Figure 4 shows the time required for elephant flow detection. As can be seen from Figure 4, the time required by the ADU elephant flow detection method is far less than that required by the Hedera method, both at the millisecond level. This is because ADU adopts host network buffer monitoring mode. When a packet with the same destination address appears in the send buffer of a host that is larger than the elephant flow decision threshold, the ADU detection method can immediately detect the elephant flow and report it to the controller. But the Hedera elephant flow detection method takes dozens of times longer than the ADU method. This is because the main idea of the Hedera method is to periodically poll the samples and then analyze whether the flow of each link exceeds the elephant flow determination threshold. When an elephant flow is sent from the host, Hedera cannot detect it immediately but waits for several polling periods to determine that flow is an elephant flow.

Figure 5 shows the false reject rate.
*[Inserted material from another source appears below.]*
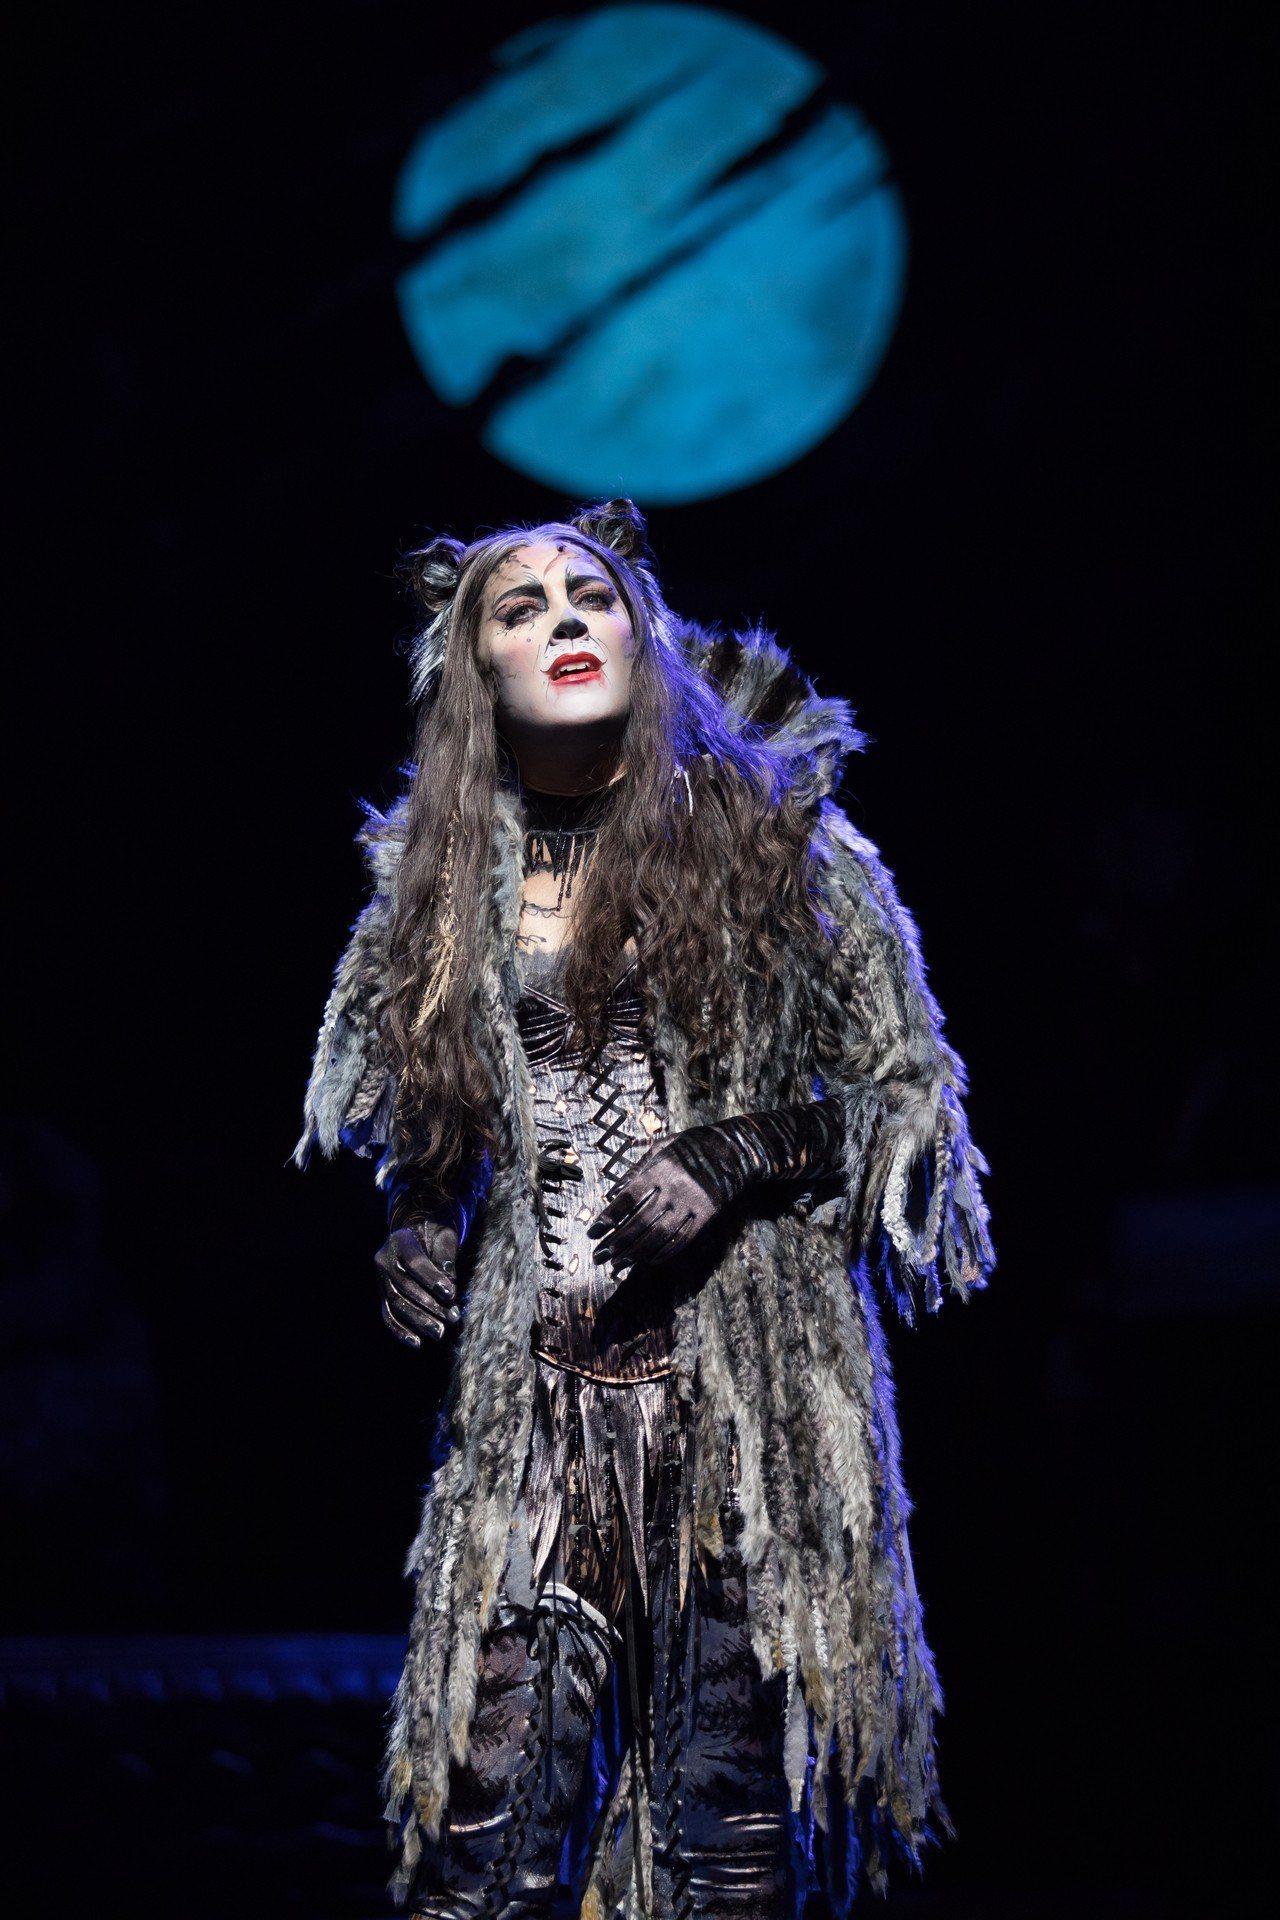 蘿拉艾密特在「貓」劇挑戰名曲「Memory」。圖/寬宏提供

As can be seen from Figure 5, ADU and Mahout do not have false detection under various elephant flow thresholds, and the false reject rate is always 0. This is because the elephant flow detection methods used by ADU and Mahout both judge the elephant flow or mouse flow from the socket buffer queue detected by the terminal, so it is difficult to cause false detection. Hedera uses flow to poll the number of packets in each switch to identify the elephant flow. However, the number of data packets cannot obtain an accurate value, so there is a certain probability of misjudgment.
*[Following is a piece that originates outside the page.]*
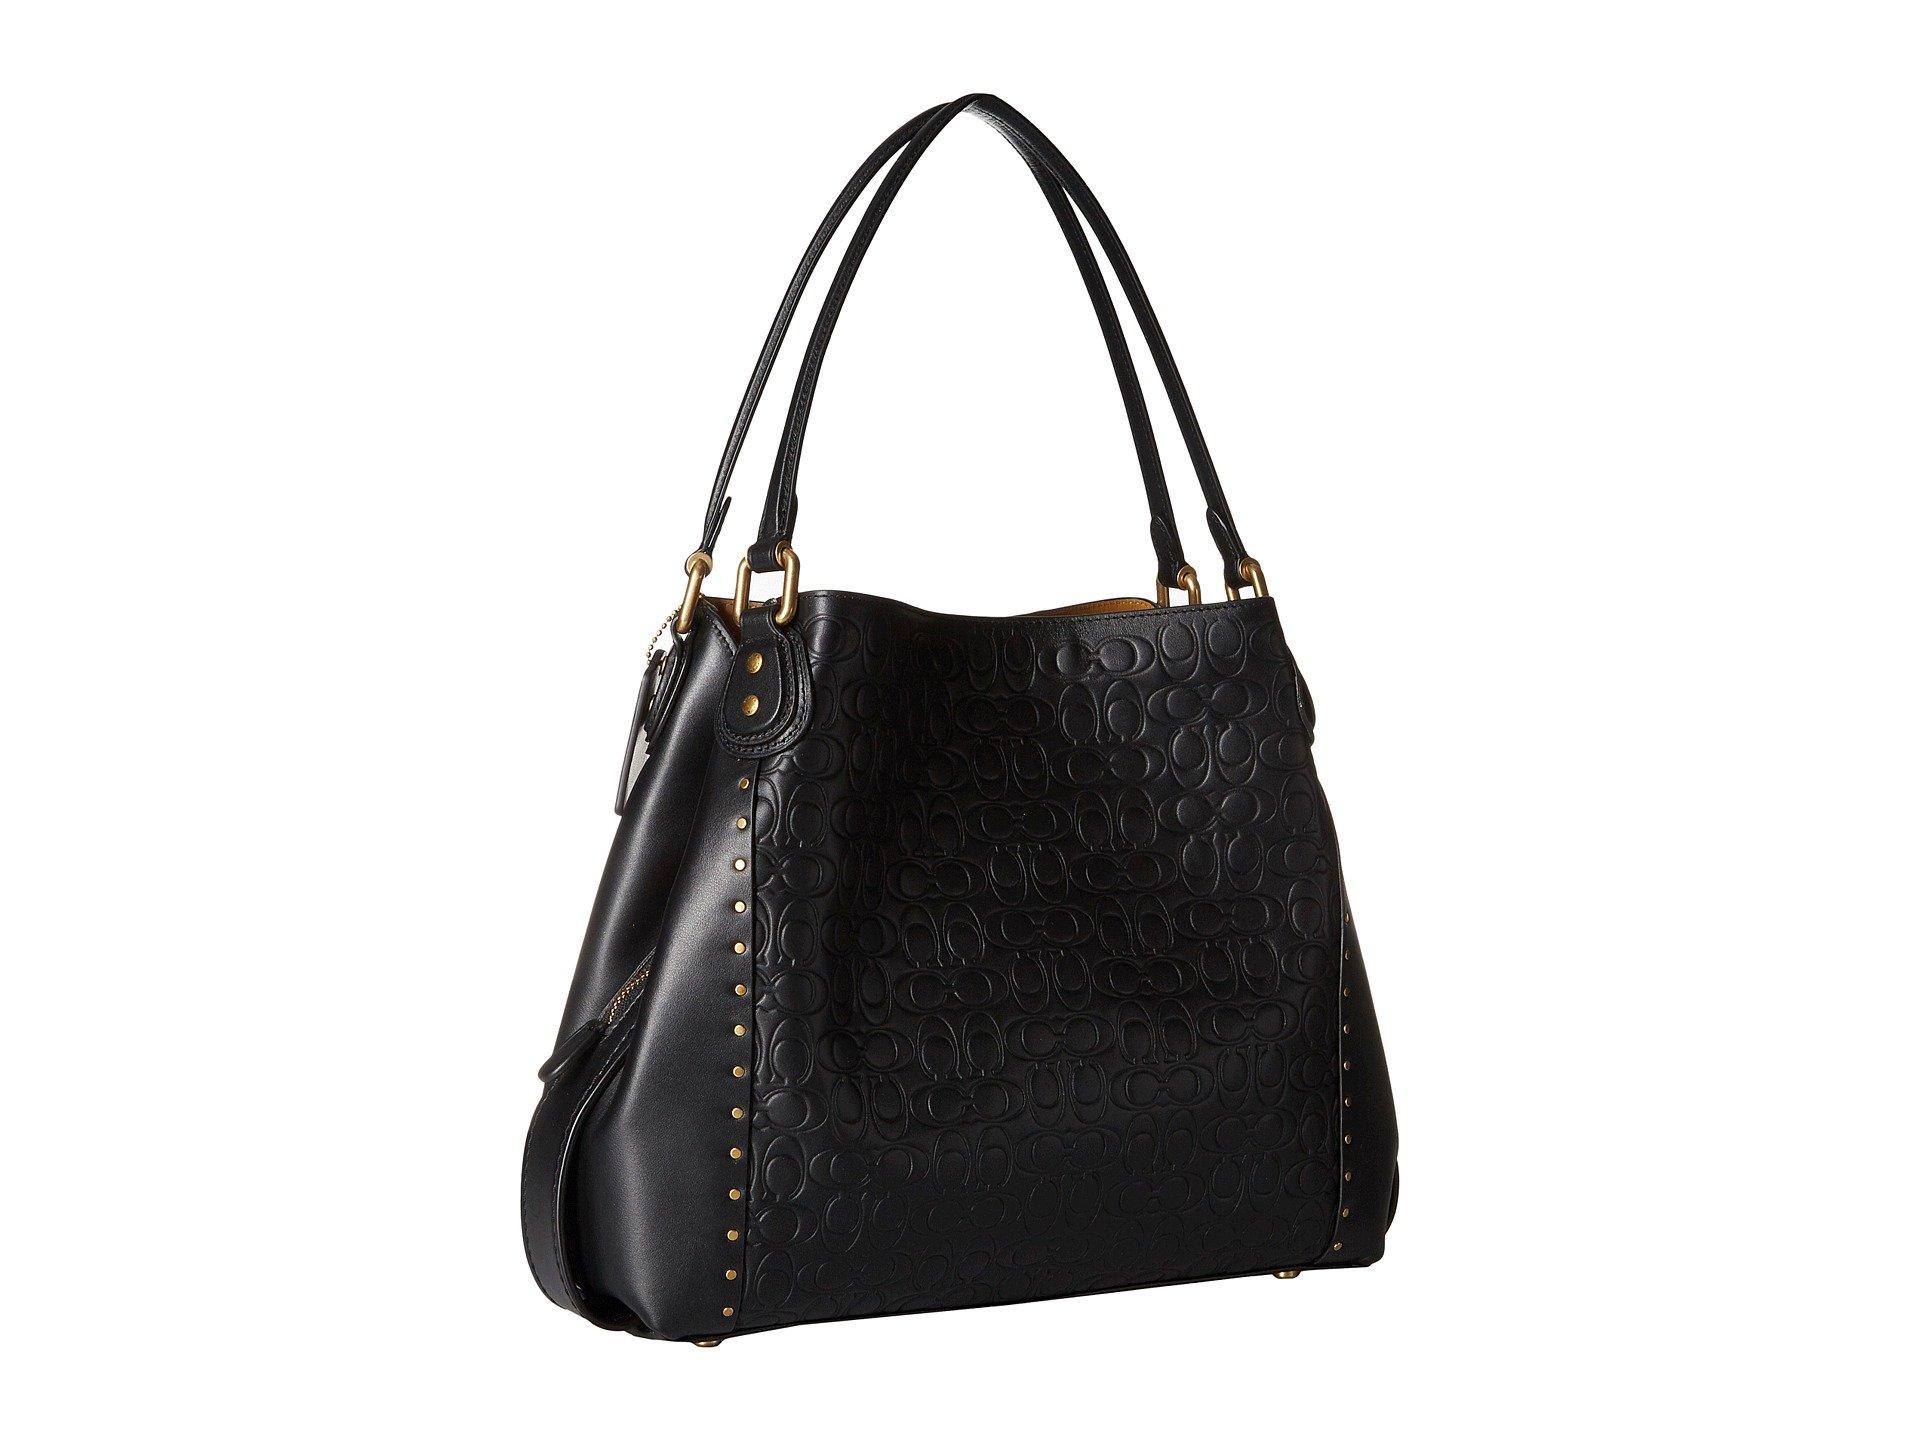 Leather black In Signature Bag Shoulder B4 31 Edie Coach gaYRpg

Figure 6 shows the missing rate of elephant flow. It can be seen from Figure 6 that the missed detection rate of the ADU is always 0 under various decision thresholds, while the missed detection rate of Mahout, which also adopts the terminal detection and reporting mechanism, exceeds 0.1%. This is due to a defect in Mahout’s elephant flow reporting mechanism. The priority of the matching flow table of the elephant flow reported by the switch is the lowest. The controller’s default forwarding flow table has idle timeout duration and forced timeout duration. When host A sends a mouse flow Fm to host B for the first time, the switch will ask the controller for the forwarding path through the Packet_in message because it cannot find the forwarding flow table, and then the controller will send the default forwarding path to the relevant switch to establish the forwarding path from host A to host B. In the future, a forwarding path flow table from host A to host B will temporarily exist in the network. Before this flow table times out, the terminal can correctly identify the DSCP field in the first IP packet header of Fe. At this time, the forwarding flow table from host A to host B already exists in the network, and the priority of the DSCP flow table is lower than that of the forwarding flow table. If host A sends an elephant flow Fe to host B again, the packet of the elephant flow Fe cannot trigger the Packet_in message of the switch after reaching the switch, thus causing the elephant flow Fe to miss detection. Hedera caused a small amount of missed detection due to certain uncertainty in the detection process; especially when the threshold of elephant flow is low, the discrimination between elephant flow and mouse flow is low.

5. Conclusion

Based on the SDN framework and OpenFlow technology, this paper proposes a new ADU elephant flow detection method for elephant flow in the data center network. ADU detection relies on the Packet_in mechanism of the OpenFlow protocol. The switches can send information to the controller directly through the Packet_in message. Experiments show that the self-reported ADU detection mechanism implemented at the terminal can detect elephant flows with low consumption and high efficiency, thereby reducing network delay, improving network link utilization, and improving network performance.

Data Availability

No data were used to support this study.

Conflicts of Interest

The authors declare that there are no conflicts of interest regarding the publication of this paper.

Acknowledgments

This study was supported by the National Natural Science Foundation of China (no. 61572191) and Humanities and Social Sciences Research Program Youth Fund Project of the Ministry of Education of China (no. 20YJCZH020). The authors would like to thank Jing Zhang from Beihua University for polishing the paper.